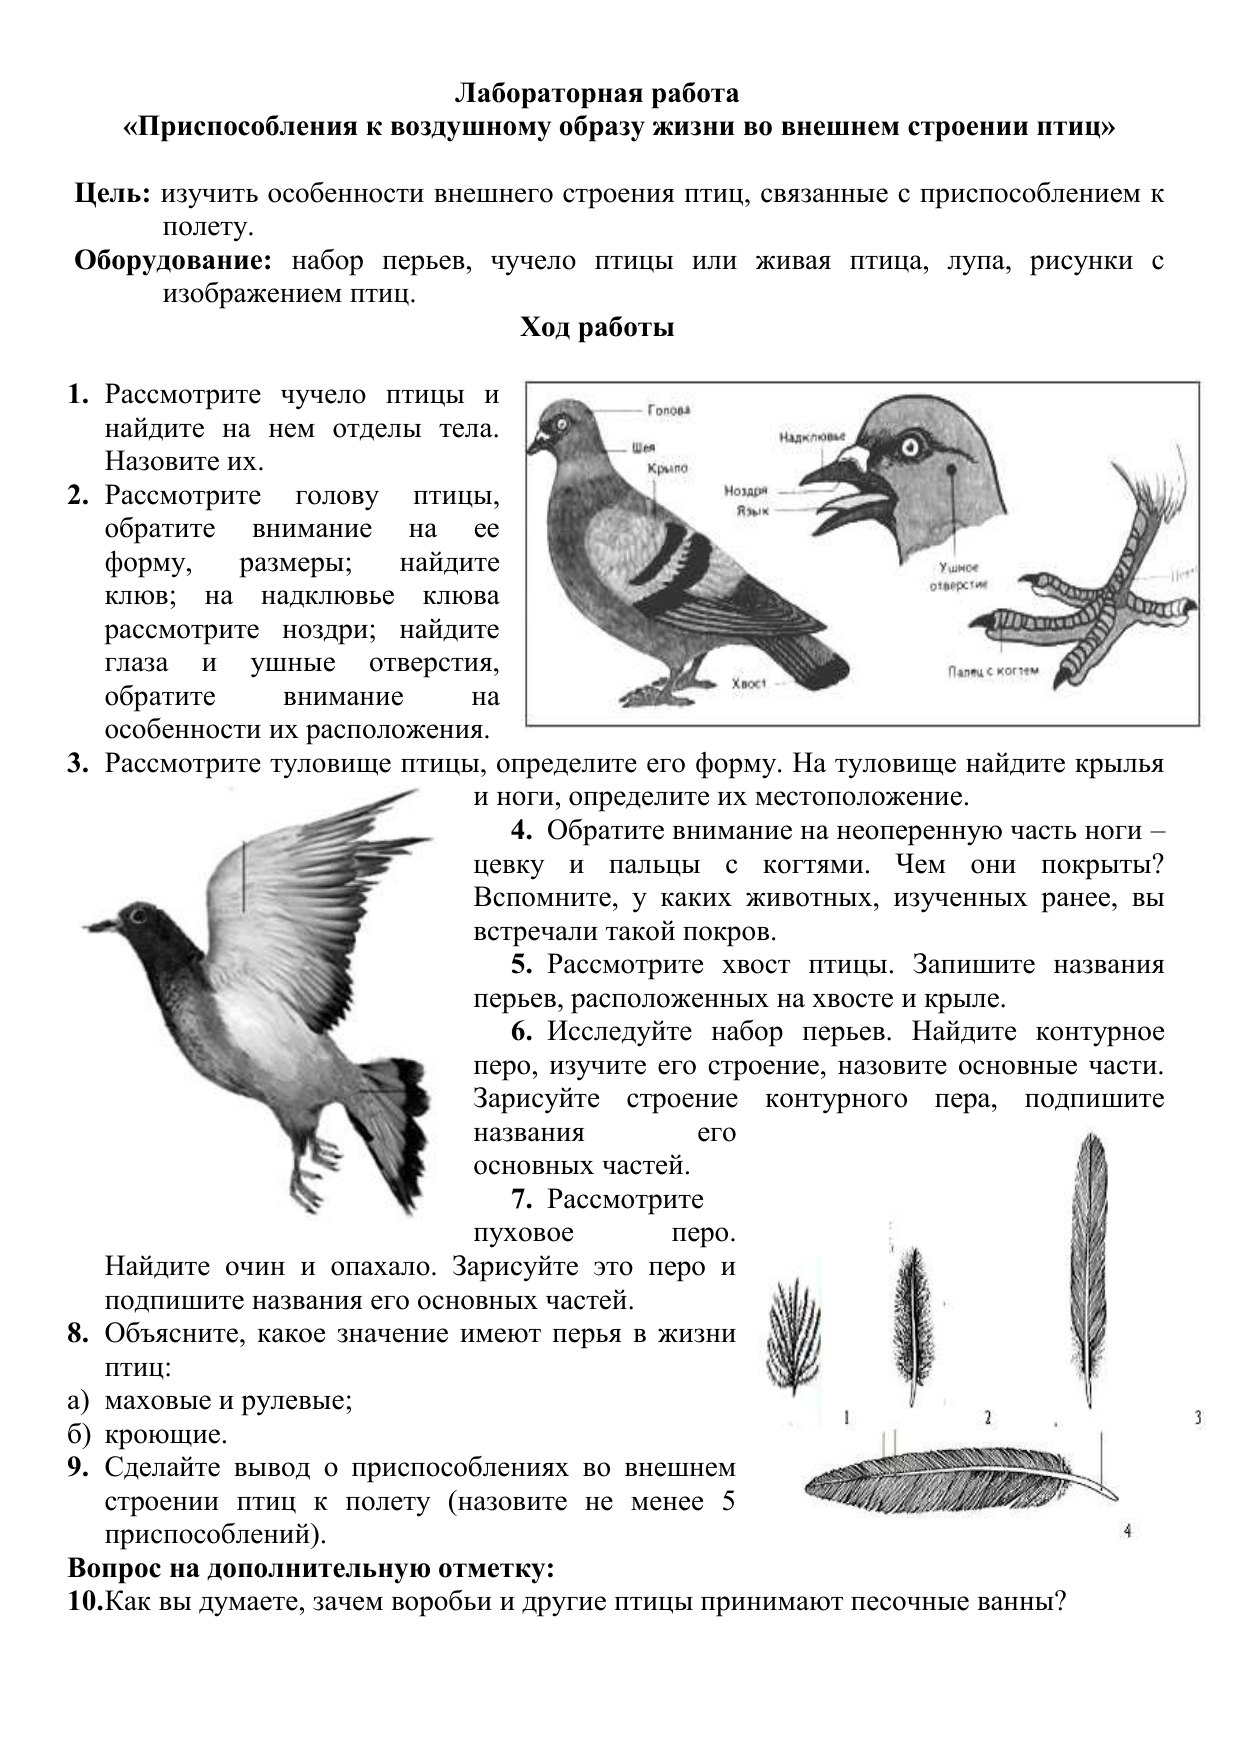 Практическая работа изучение внешнего строения птиц
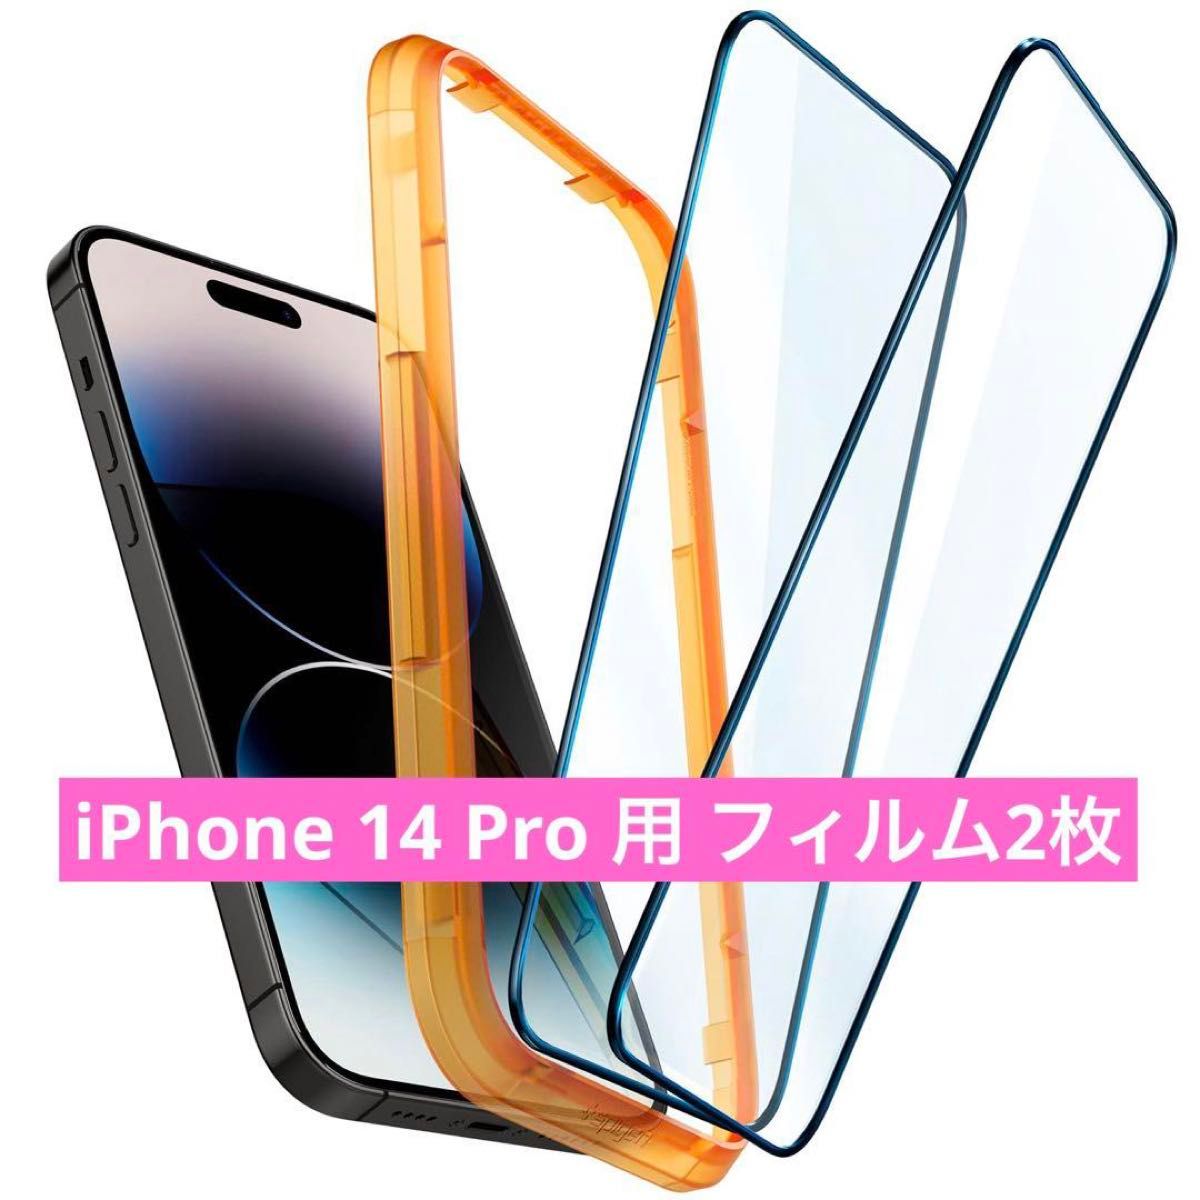 全面保護 ガラスフィルム iPhone 14 Pro 用 ガイド枠付き iPhone14Pro 対応 保護 フィルム 2枚入
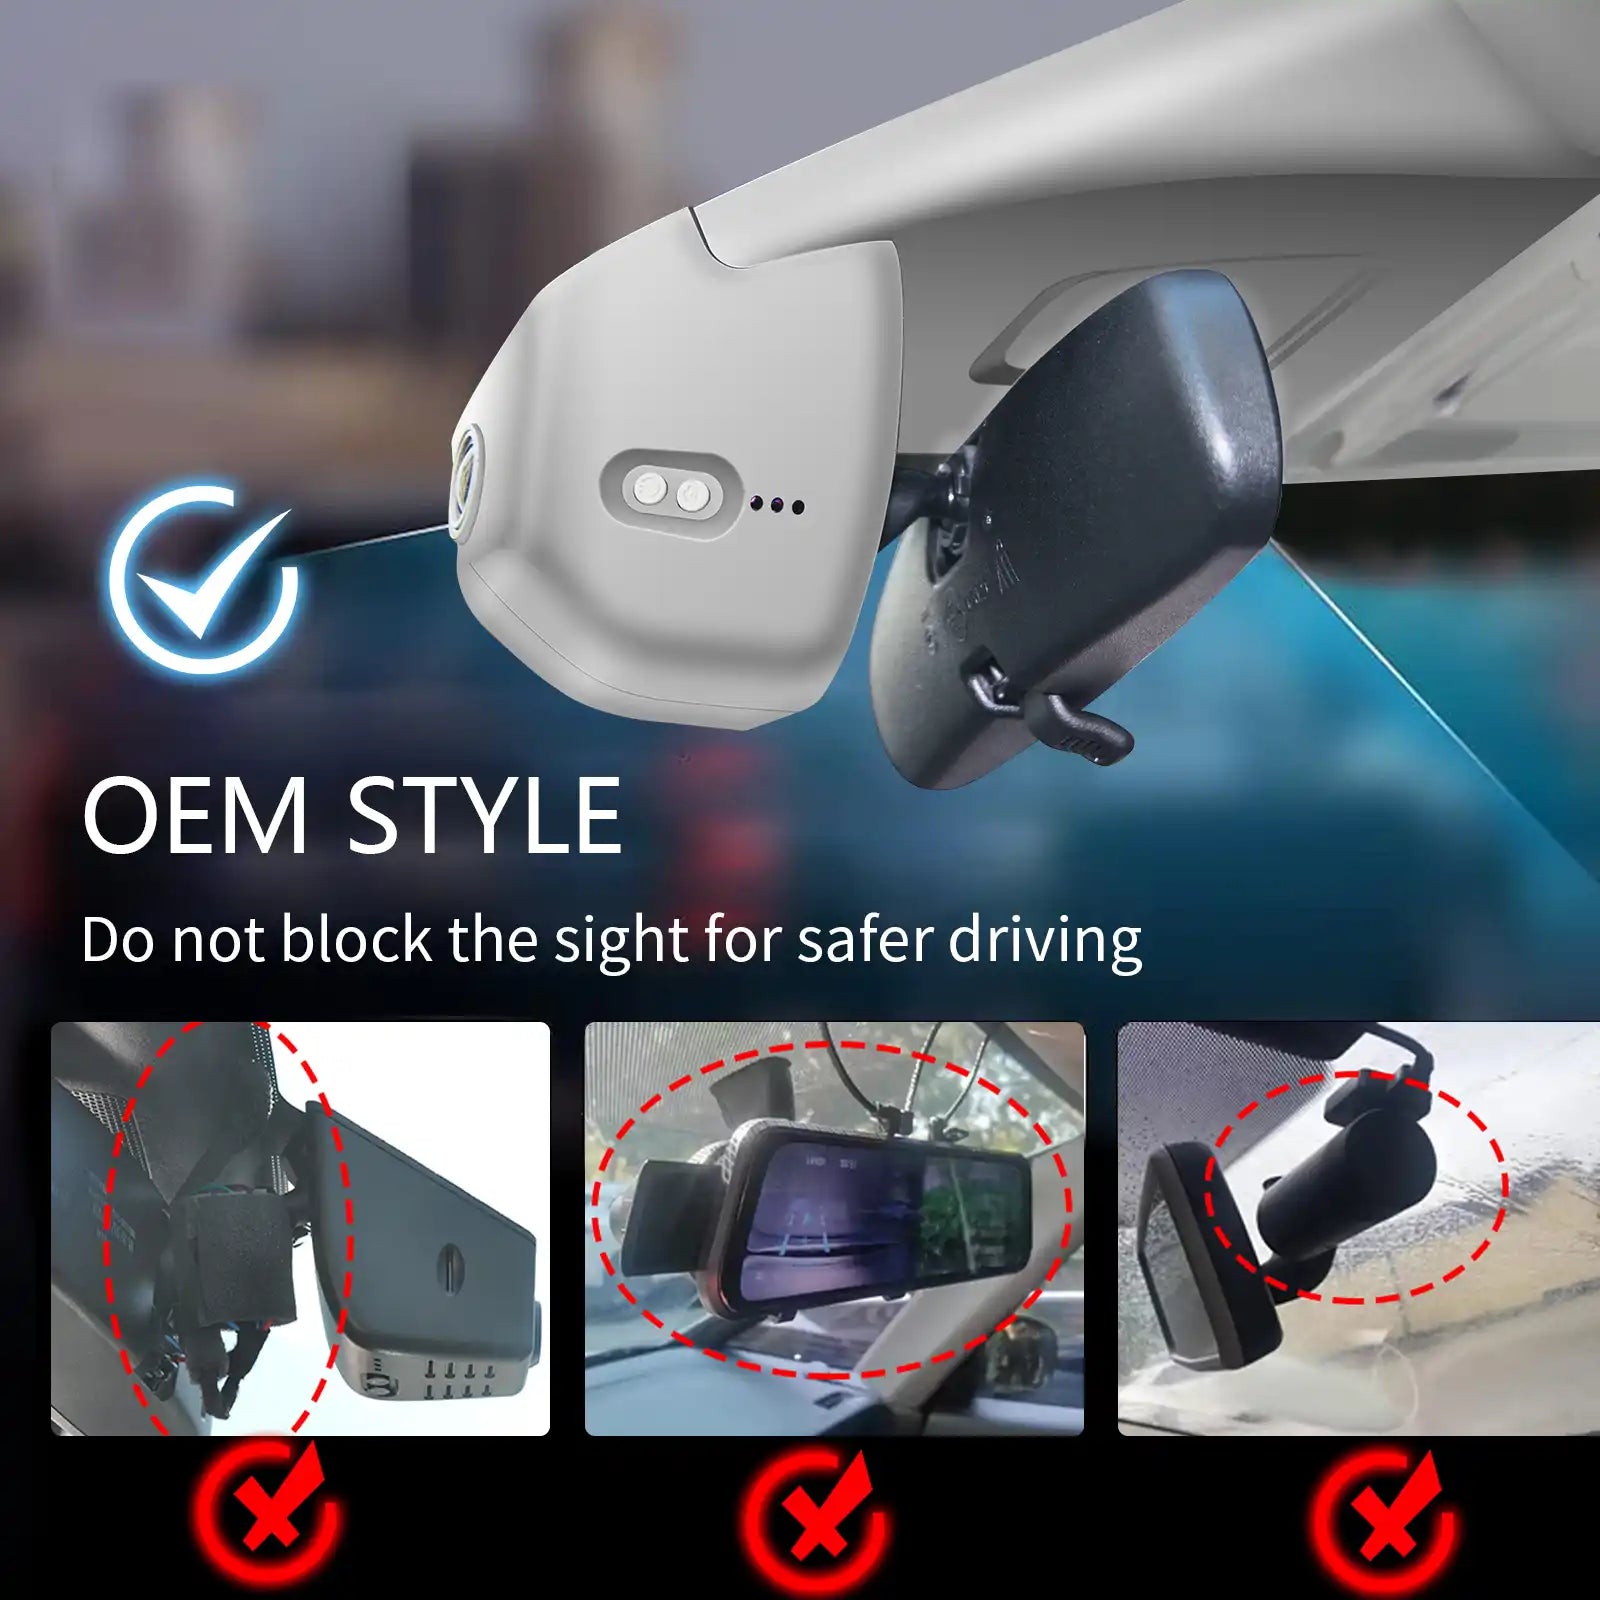 Honda Civic OEM style dash cam
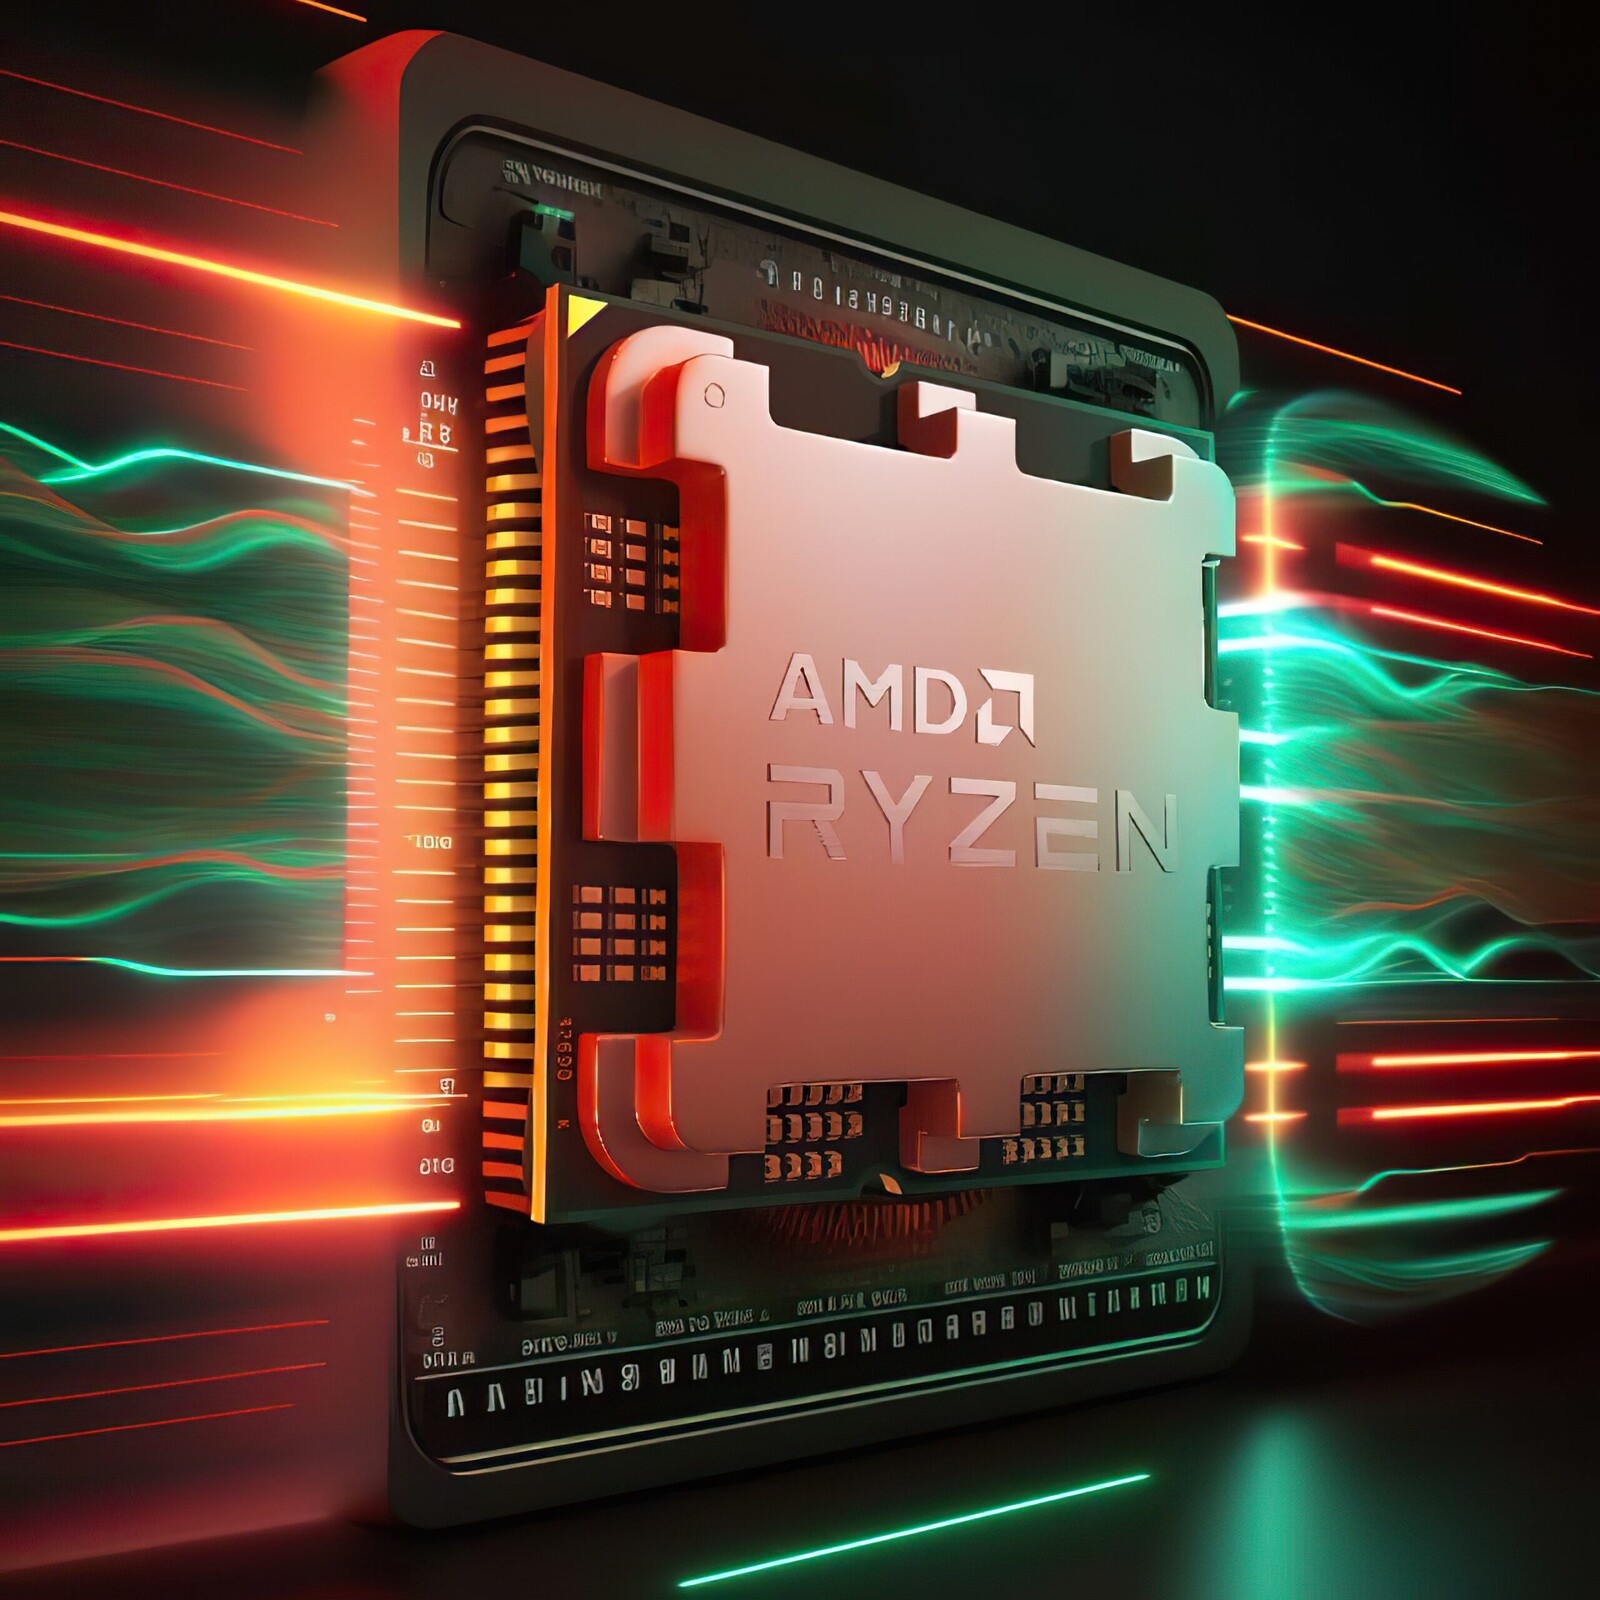 Zen5加持 AMD锐龙8000桌面APU曝光：集显狂虐入门卡
------------------------------------
→ **Description of the task**:
Print the whole listing exactly, please, and keep any images out of it.

→ **Solution below**:
 Практическая работа изучение внешнего строения птиц
 全面保護 ガラスフィルム iPhone 14 Pro 用 ガイド枠付き iPhone14Pro 対応 保護 フィルム 2枚入
 Honda Civic OEM style dash cam
 Zen5加持 AMD锐龙8000桌面APU曝光：集显狂虐入门卡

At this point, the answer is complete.